##### Data #####
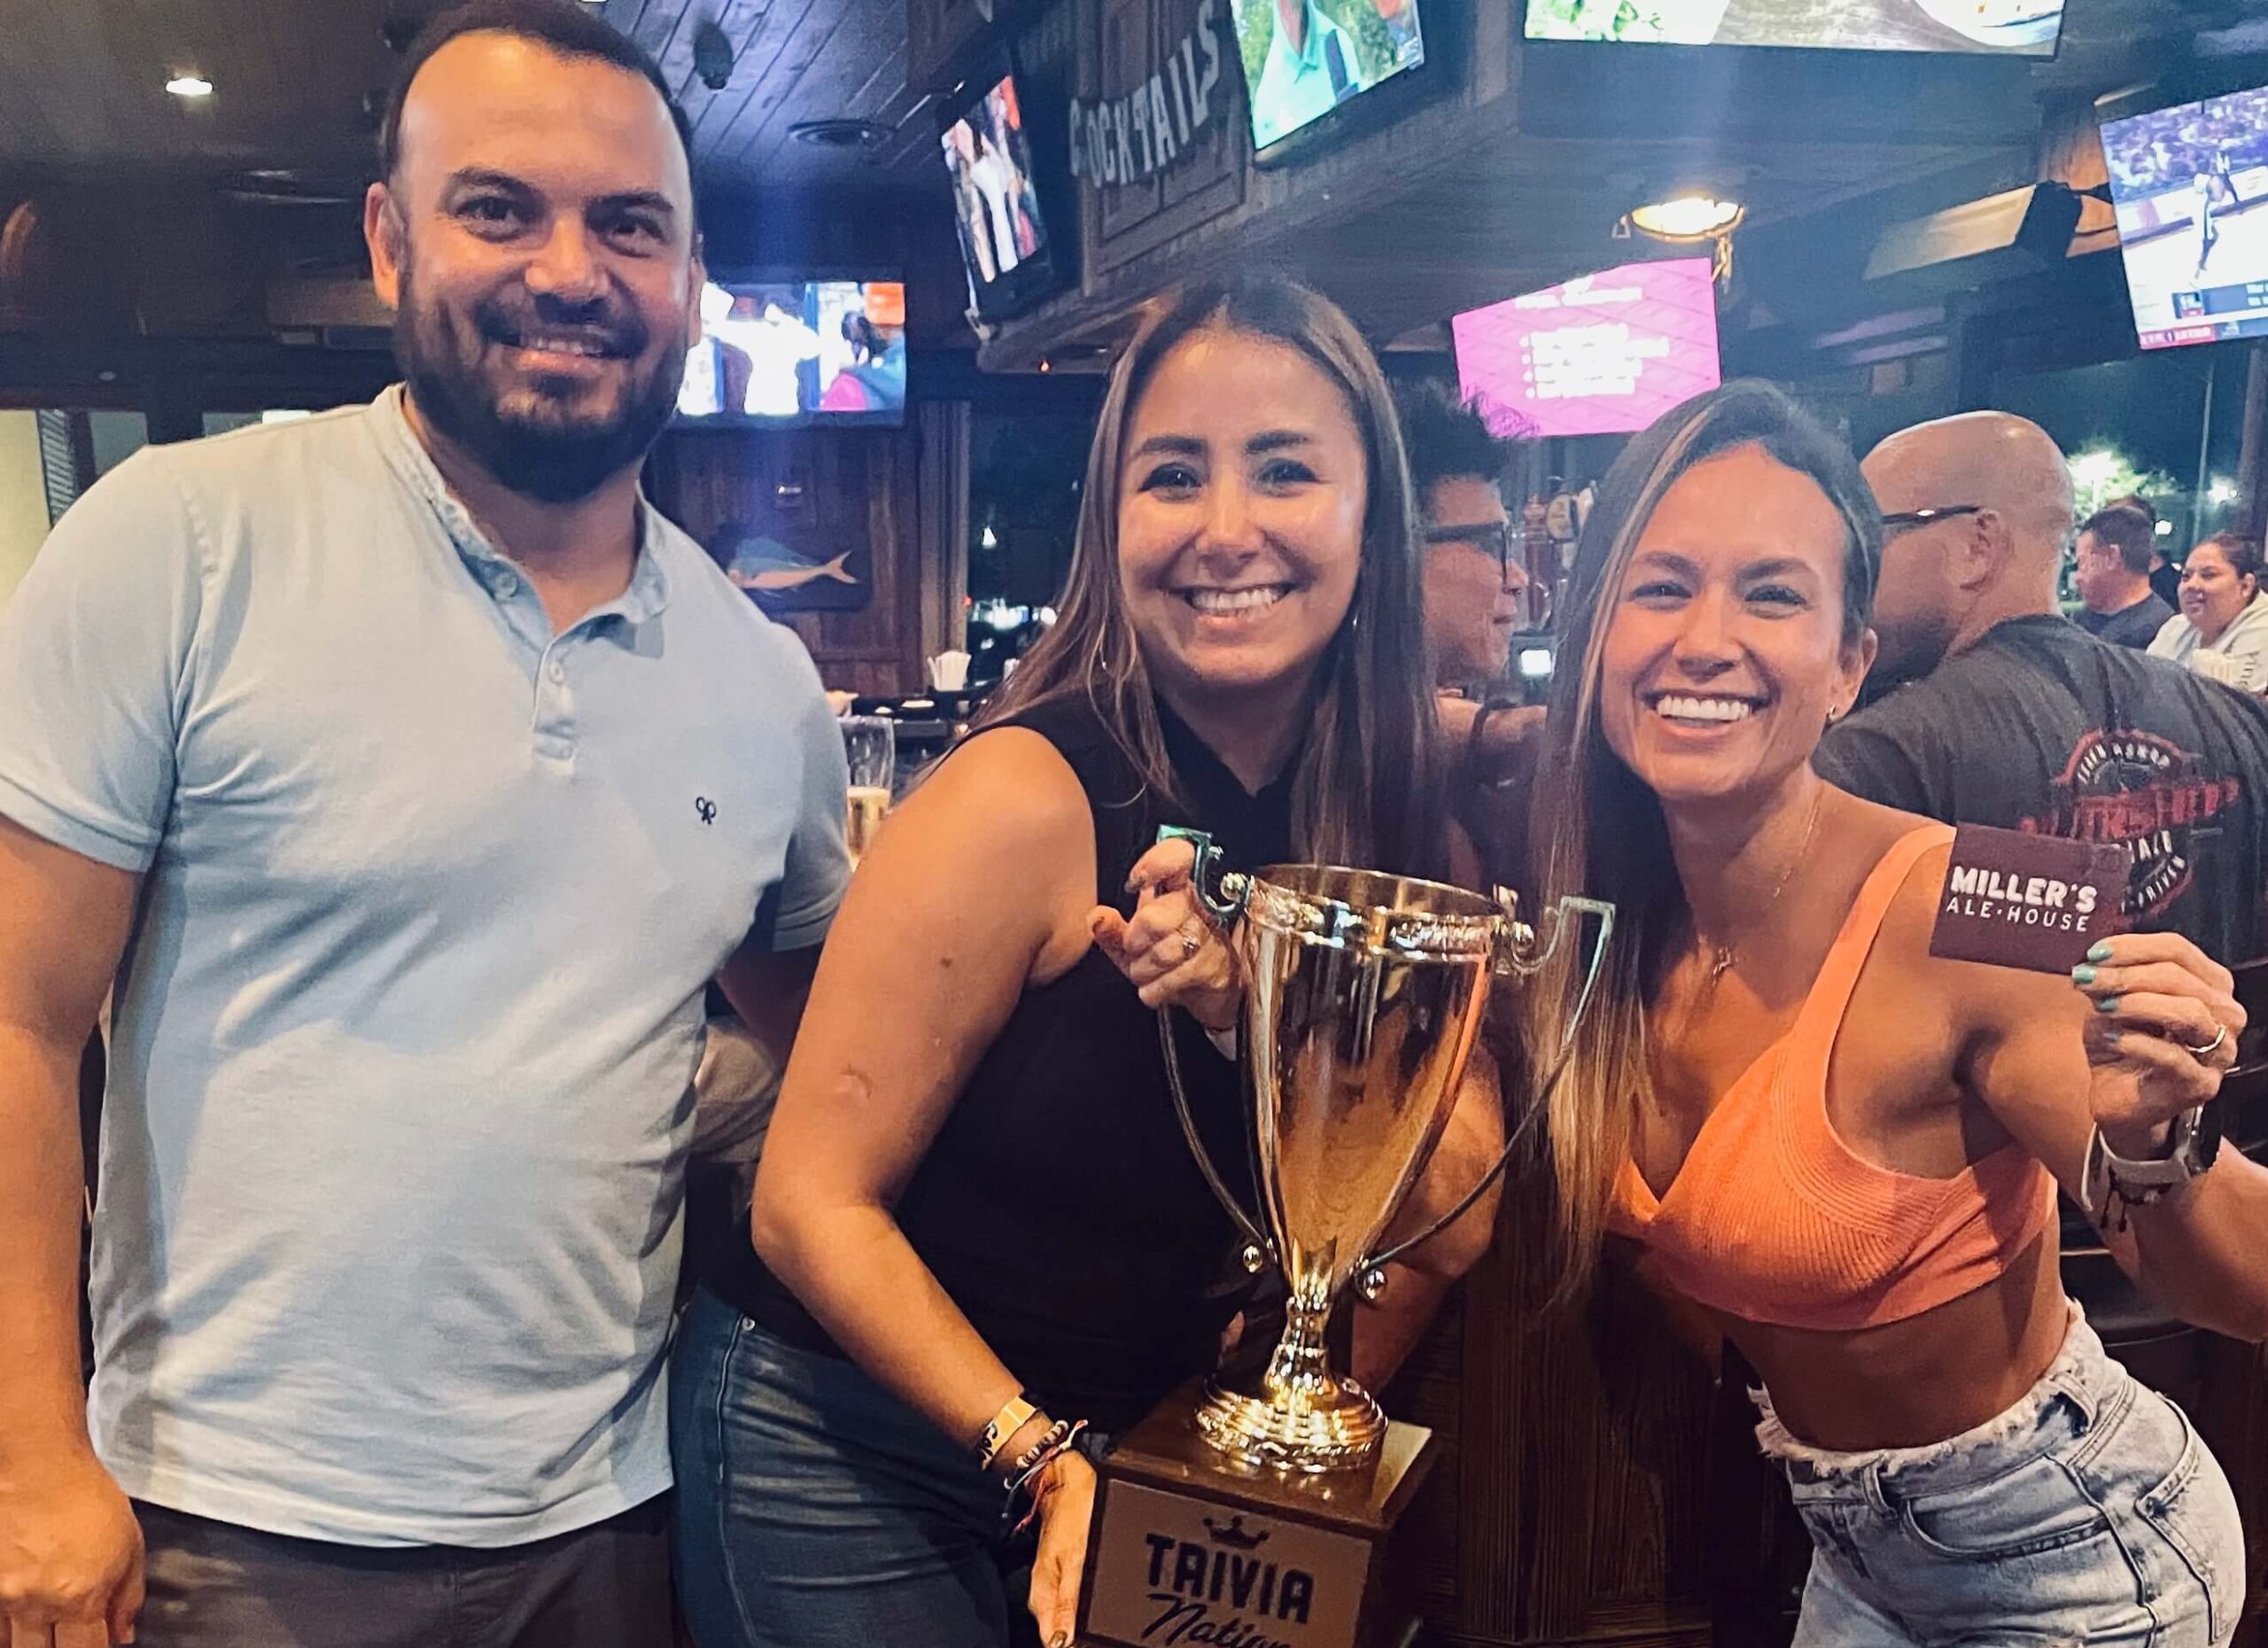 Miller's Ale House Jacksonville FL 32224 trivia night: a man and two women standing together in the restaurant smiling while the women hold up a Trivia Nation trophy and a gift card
#####
##### Data #####
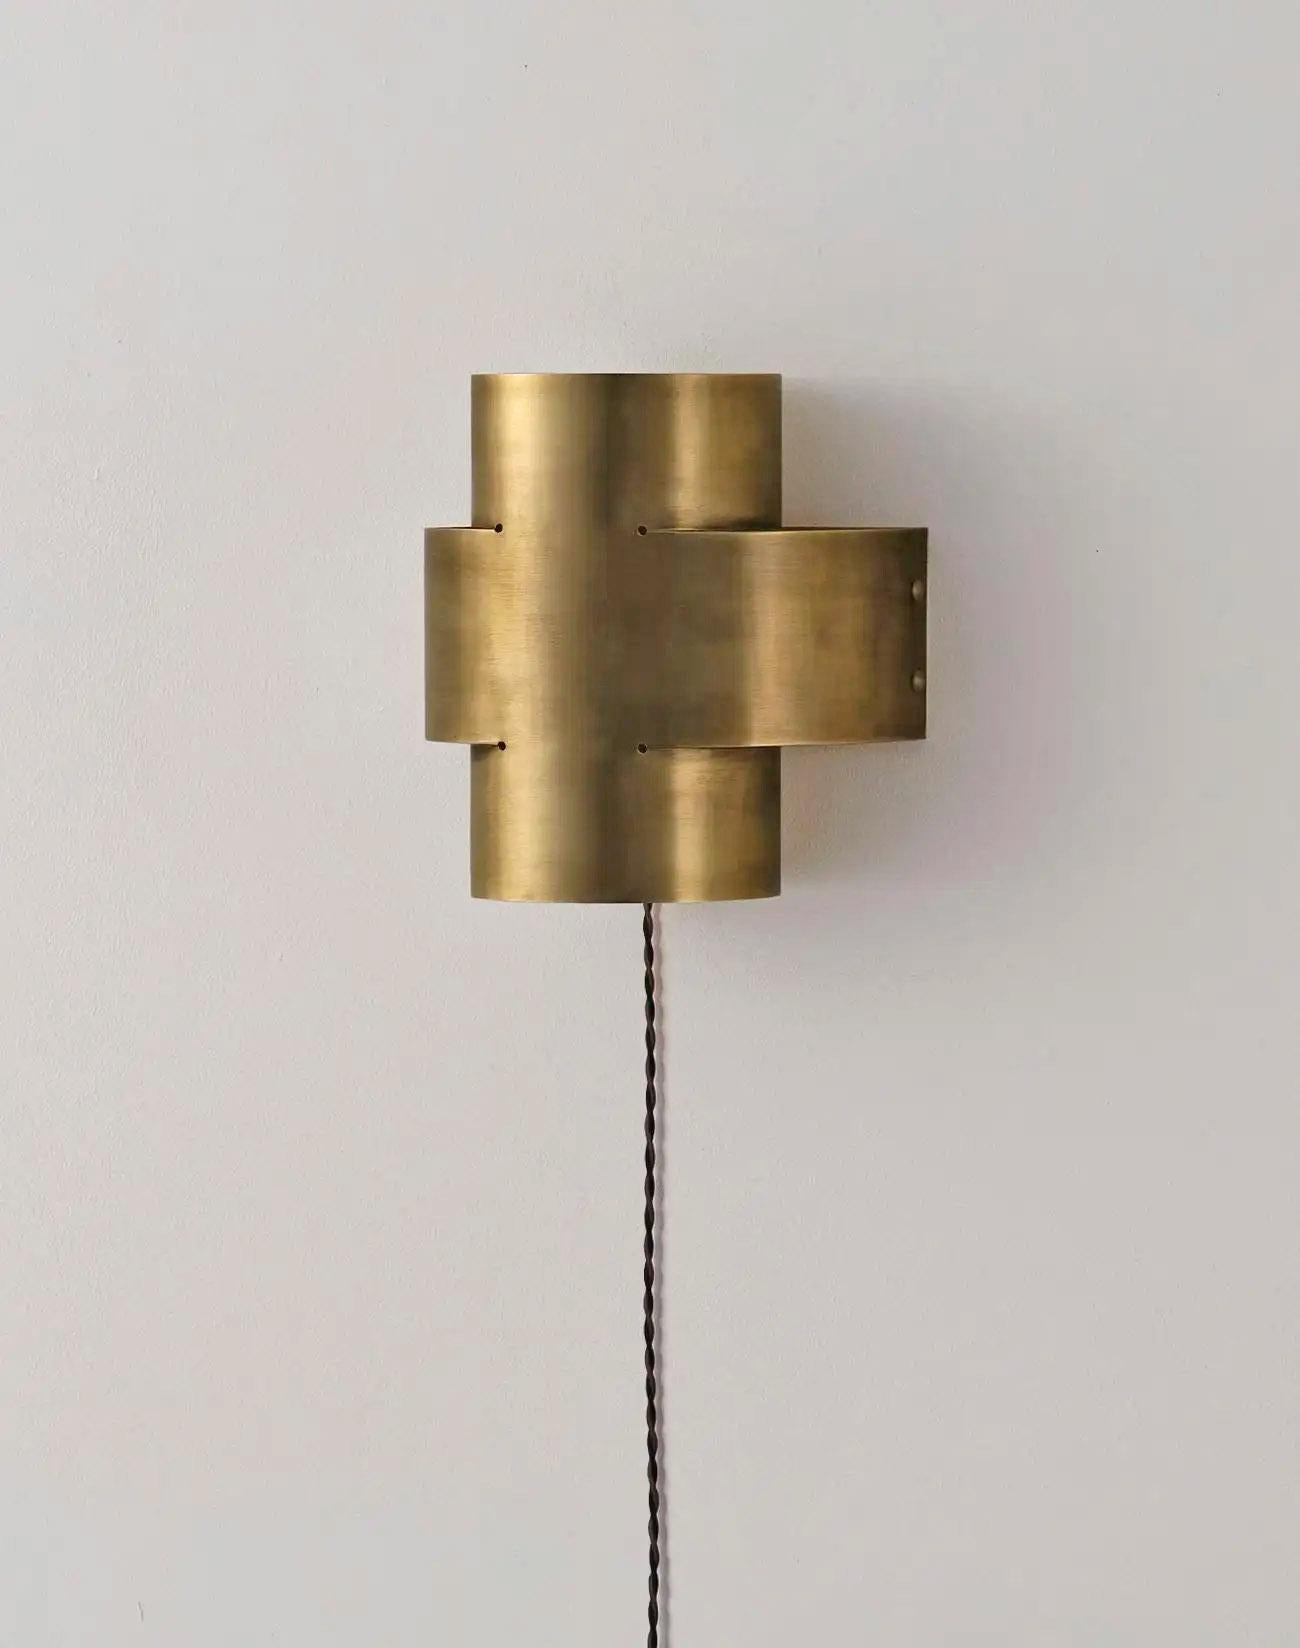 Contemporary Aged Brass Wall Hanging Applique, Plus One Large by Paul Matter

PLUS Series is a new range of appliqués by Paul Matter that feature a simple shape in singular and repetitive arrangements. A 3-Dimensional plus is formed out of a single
#####
Beginning at the line above that contains "Contemporary Aged Brass", repeat each line exactly through the one that contains "PLUS Series is", and leave out the pictures.

Answer section =
 Contemporary Aged Brass Wall Hanging Applique, Plus One Large by Paul Matter

PLUS Series is a new range of appliqués by Paul Matter that feature a simple shape in singular and repetitive arrangements. A 3-Dimensional plus is formed out of a single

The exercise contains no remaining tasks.